Here at Sisense we support high-availability, multi-server deployments for scalability and flexibility. In fact, these deployments are ready to go, out of the box and are common at most of our customer’s sites.
While this type of deployment meets the performance demands of most customers, we recently had a large customer come to us wanting to get even more out of their system. We decided to customize a solution using out of the box Sisense capabilities to meet their specific requirements.
Here’s what we did.
Step 1: Investigate
If we take a look at a common architecture schema with a high availability environment, you may find, for example, a database layer, a build layer with one build node, a query and web layer with two query nodes and two web nodes, and a load balancer. Just like the image below:
In an environment like this, an end user sends a request through the load balancer to one of the two web nodes, with no discretion to which they are using. By default, the web nodes then run the query on one of the two query nodes and return the response to the request to the end user.
It’s important to keep in mind that each query node stores every query in the machine’s memory. So, let’s say that each of the query nodes has 500GB of RAM. Once the node gets to a predetermined threshold of RAM space left, the server automatically starts to clean up the queries to free up available RAM.
Which software stack is right for you? Find out with our ultimate comparison guide.
Step 2: Brainstorm
Therein lies our question: Why is there lag time in answering a query if the query nodes clear their cache once RAM reaches a maximum capacity? How can we reduce frequency without purchasing more RAM space?

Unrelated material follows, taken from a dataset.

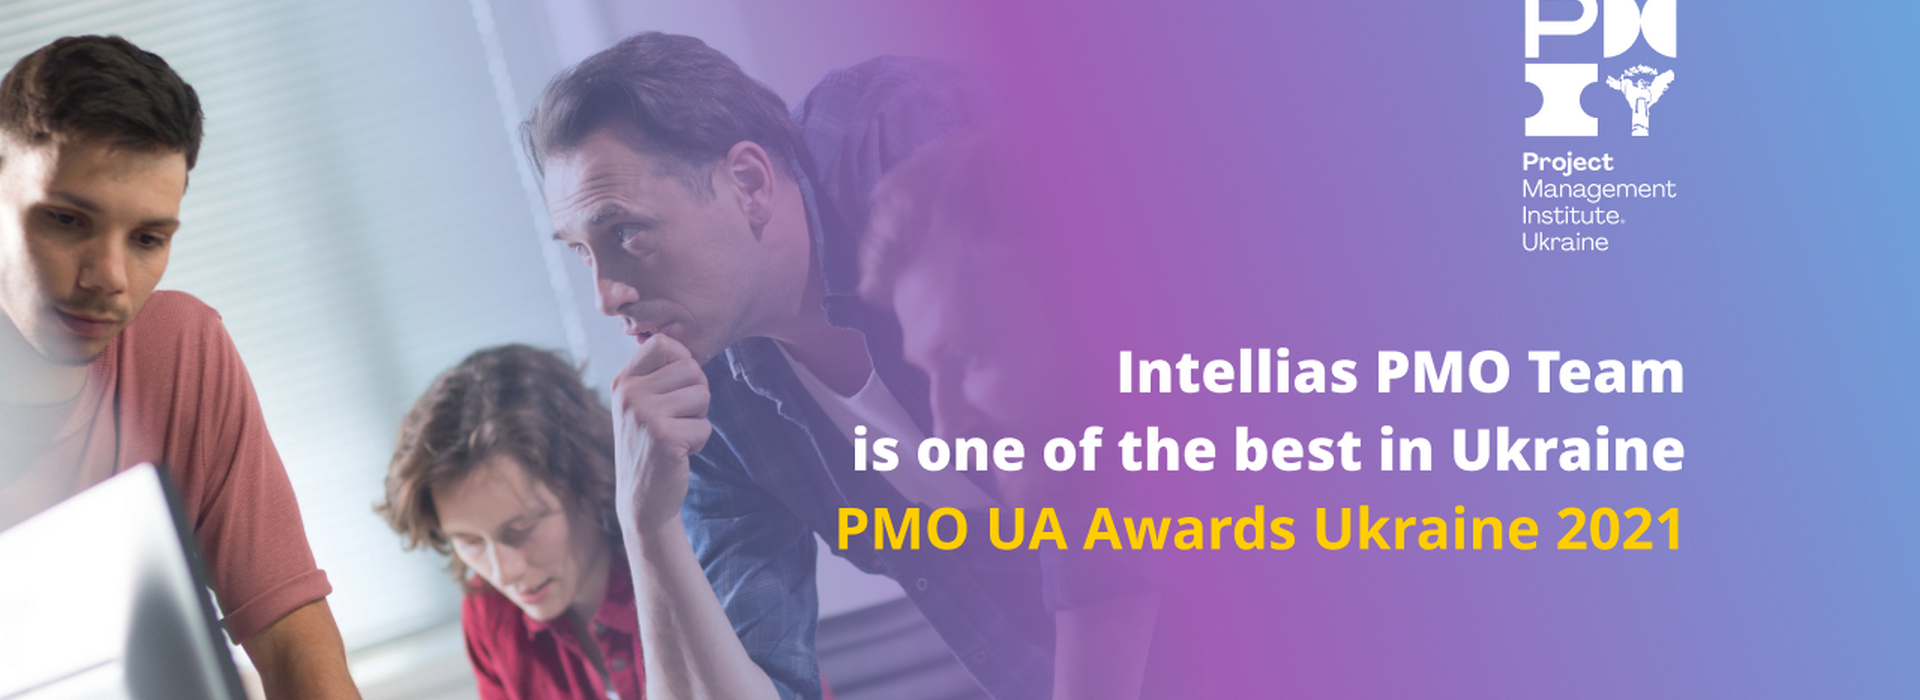 Intellias Project Management Office Named Among the Best According to PMO Global Alliance

started by mapping and roughly measuring the dashboards and how much RAM was utilized when queried. Because both of the query nodes have ~500GB of RAM in our example, I wanted to understand how much of it will be utilized and how often the cleaning process will occur. For example:
|1||Customer Churn||100 GB|
|4||Help Desk Tickets||100 GB|
|6||Leads Analysis||60 GB|
|7||Lead Generation||400 GB|
|8||Customer Satisfaction||200 GB|
|TOTAL CAPACITY||995 GB|
After listing out the dashboards and realizing that the total capacity is less than 1TB, I needed to look at the actual functionality of the different nodes. Each web node has the same metadata and each query node has the same ElastiCube (Sisense’s super-fast data stores). So, when one end user asks a question and it’s directed to query node A, the answer gets “stored” there. However, if another end user asks the same question and it gets directed to query node B, it will be “stored” there too.
Ah-ha! This is not efficient. We’re storing the same answers twice on two different query nodes. This means, for example, that 5GB RAM query can take up a total of 10GB when stored on both query nodes. Moreover, this expedites the time interval for when the RAM will have to be flushed. Let’s try and reconfigure the architecture to fix it and find out.
Step 3: Test and Expand
To eliminate having the same queries saved on both query nodes’ RAM, I needed to create a structure that told the web nodes which query node to use based on which dashboard was being used.
If we use the example list of dashboards from above, I made sure that if dashboard 1, 3, 4, 6, and 8 were being used, the queries should be sent to query node A. If dashboards 2, 5, or 7 were being used, then the question should be sent to query node B. This means breaking the ElastiCube set and directing each dashboard to a dedicated query node. Doing so would eliminate our redundancy on the query layer.
For reliability purposes, if one of the query nodes is down, we want to have a fallback option that ensures all queries will succeed, even at the expense of performance. The solution was creating new ElastiCube sets like this:
Set 1: The cube on query node A is default, the cube on query node B is the fallback.
Set 2: The cube on query node B is default, the cube on query node A is the fallback.
The fallback cube does not participate in the ElastiCube Set round-robin routing and is not typically used. The fallback cube is only used when none of the other cubes in the set are available.
Now, specific queries are always routed to the same caches. Because the queries are not duplicated in both caches the available RAM across both caches is better utilized to store a larger amount of queries.
After testing this architecture and ensuring it works for all scenarios with two query nodes we expanded the capabilities to allow more than two query nodes if needed. Success!
So, What’s The Big Deal?
To put it simply: the ability to boost performance without having to add additional hardware reduces total cost of ownership. Most people can meet their performance demands with a standard high-availability set up. But for those who can’t, and who have the abilities to manage this new solution, this is an exciting discovery.